A better test program
import Control.Parallel
main = a `par` b `pseq` print (a + b )
where
a = ack 3 11
b = fib 39
ack 0 n = n+1
ack m 0 = ack (m-1) 1
ack m n = ack (m-1) (ack m (n-1))
fib 0 = 0
fib 1 = 1
fib n = fib (n-1) + fib (n-2)
running it , these are the results
paolino@paolino-casa:~$ ghc --make prova -threaded
[1 of 1] Compiling Main ( prova.hs, prova.o )
Linking prova ...
paolino@paolino-casa:~$ time ./prova +RTS -N1
63262367
real 1m17.485s
user 1m16.473s
sys 0m0.392s
paolino@paolino-casa:~$ time ./prova +RTS -N2
63262367
real 1m20.186s
user 1m31.554s
sys 0m0.600s
paolino@paolino-casa:~$ touch prova.hs
paolino@paolino-casa:~$ ghc --make prova -O2 -threaded
[1 of 1] Compiling Main ( prova.hs, prova.o )
Linking prova ...
paolino@paolino-casa:~$ time ./prova +RTS -N1
63262367
real 0m17.652s
user 0m15.277s
sys 0m0.108s
paolino@paolino-casa:~$ time ./prova +RTS -N2
63262367
real 0m13.650s
user 0m15.121s
sys 0m0.188s
From the resource graph and the timings it is clear that the program is not able to use all the 2 cores powers, considering computing 'a' alone is about 7 seconds and 'b' alone 9.
What is retaining the cpu's to run full power ?
paolino
paolo.veronelli:
Firstly, a and b are identical, so GHC commons them up. The compiler> Hi, reading a previous thread I got interested.

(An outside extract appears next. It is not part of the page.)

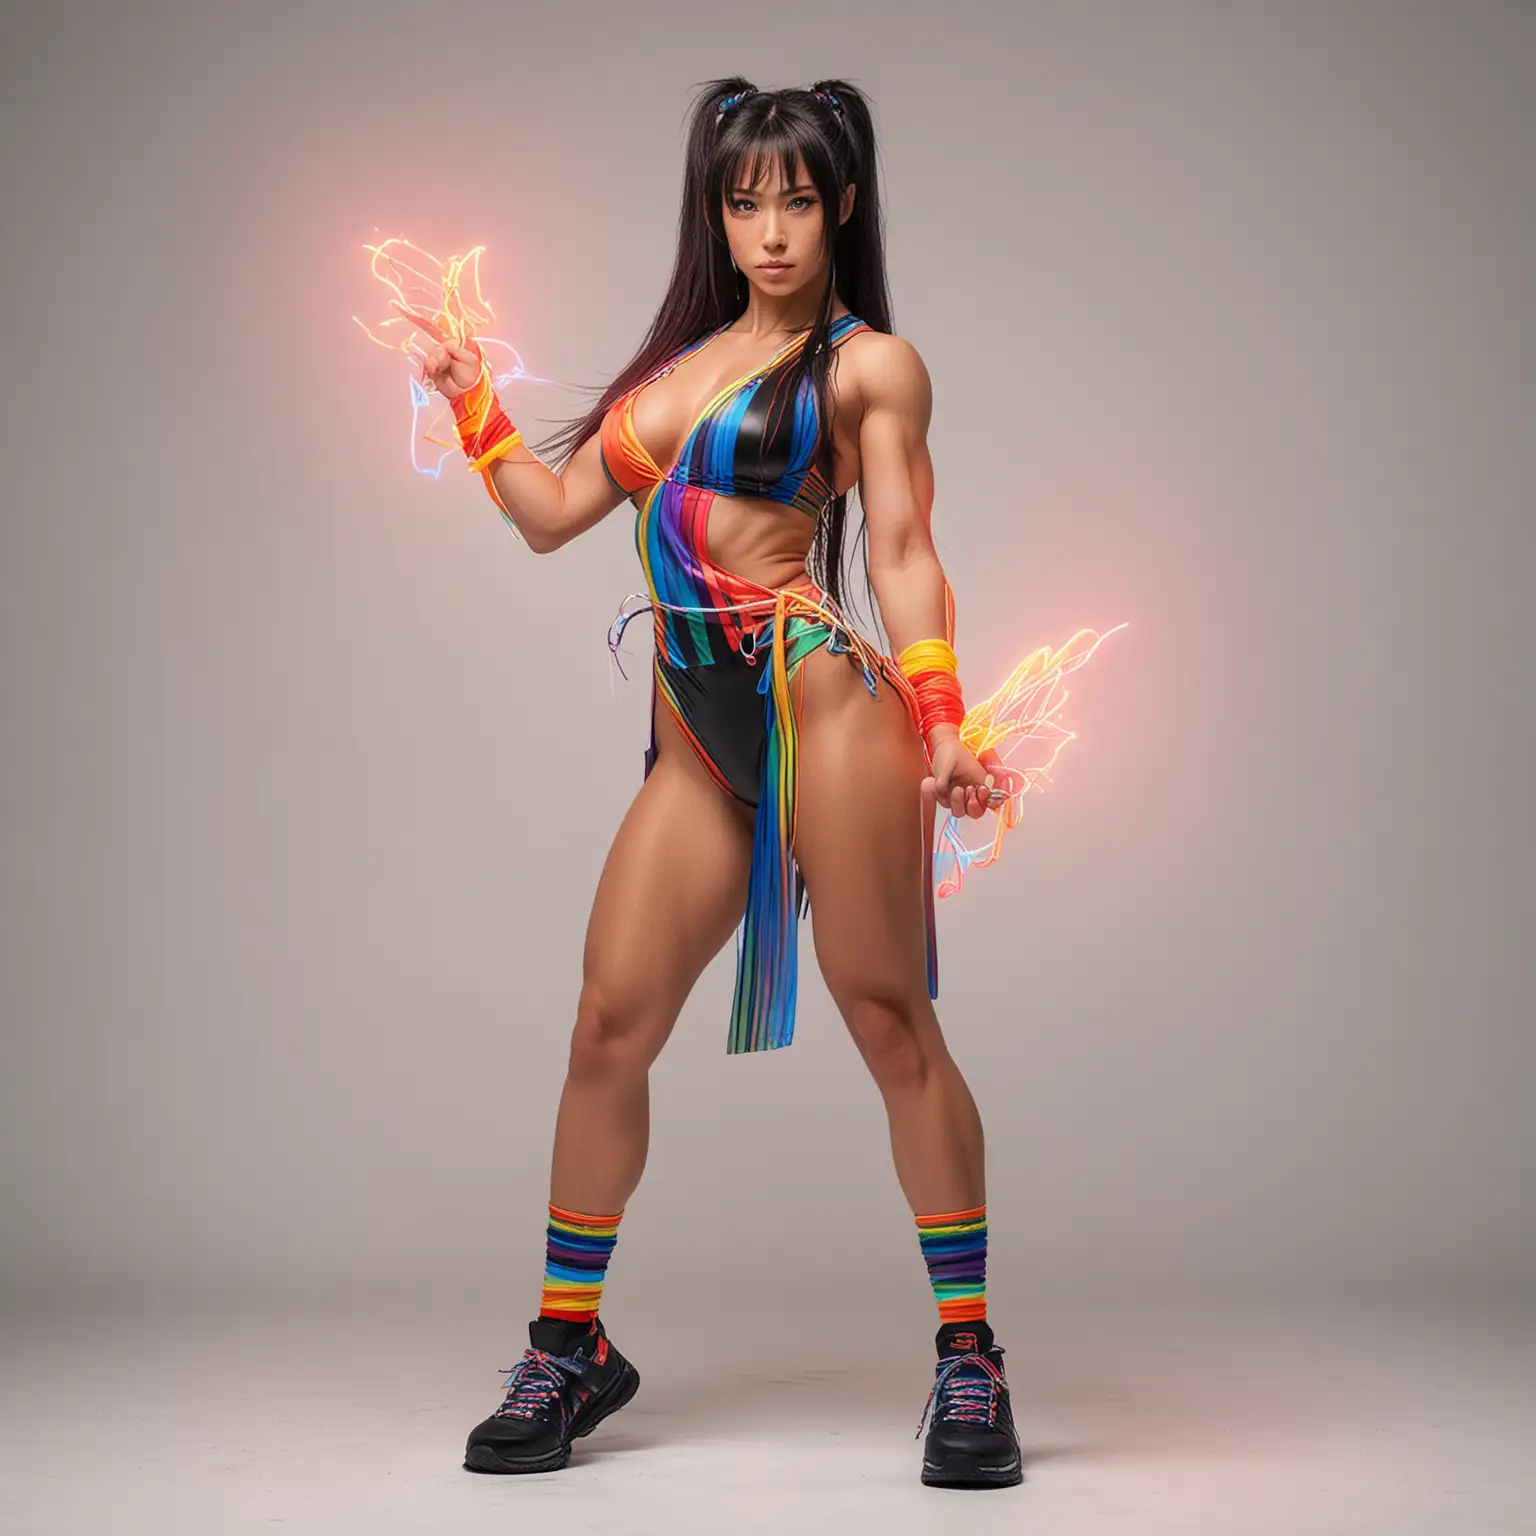  Photo of a female Japanese bodybuilder is depicted in full height, wearing black sneakers with glowing neon laces. She has long dark hair and blue eyes, dressed in a sleeveless robe with glowing rainbow-neon stripes along its edges. Chun-Li Cosplay photograph, featuring vibrant glowing colors and detailed textures. Her pose reflects confidence as she stands upright against a white background

> I simplified the example pointed by dons in
>
> import Control.Parallel
>
> main = a `par` b `pseq` print (a + b )
> where
> a = ack 3 11
> b = ack 3 11
>
> ack 0 n = n+1
> ack m 0 = ack (m-1) 1
> ack m n = ack (m-1) (ack m (n-1))
>
> compiled with
> ghc --make prova -O2 -threaded
>
> timings
> paolino@paolino-casa:~$ time ./prova +RTS -N1
> 32762
>
> real 0m7.031s
> user 0m6.304s
> sys 0m0.004s
> paolino@paolino-casa:~$ time ./prova +RTS -N2
> 32762
>
> real 0m6.997s
> user 0m6.728s
> sys 0m0.020s
> paolino@paolino-casa:~$
>
> without optimizations it gets worse
>
> paolino@paolino-casa:~$ time ./prova +RTS -N1
> 32762
>
> real 1m20.706s
> user 1m18.197s
> sys 0m0.104s
> paolino@paolino-casa:~$ time ./prova +RTS -N2
> 32762
>
> real 1m38.927s
> user 1m45.039s
> sys 0m0.536s
> paolino@paolino-casa:~$
>
> staring at the resource usage graph I can see it does use 2 cores when told to
> do it, but with -N1 the used cpu goes 100% and with -N2 they both run just over
> 50%
>
> thanks for comments
transforms it into:
a `par` a `seq` print (a + a)
So you essentially fork a spark to evaluate 'a', and then have the main
thread also evaluate 'a' again. One of them wins, then you add the
result to itself. The runtime may choose not to convert your first spark
into a thread.
Running with a 2009 GHC head snapshot, we can see with +RTS -sstderr
SPARKS: 1 (0 converted, 0 pruned)
That indeed, it doesn't convert your `par` into a real thread.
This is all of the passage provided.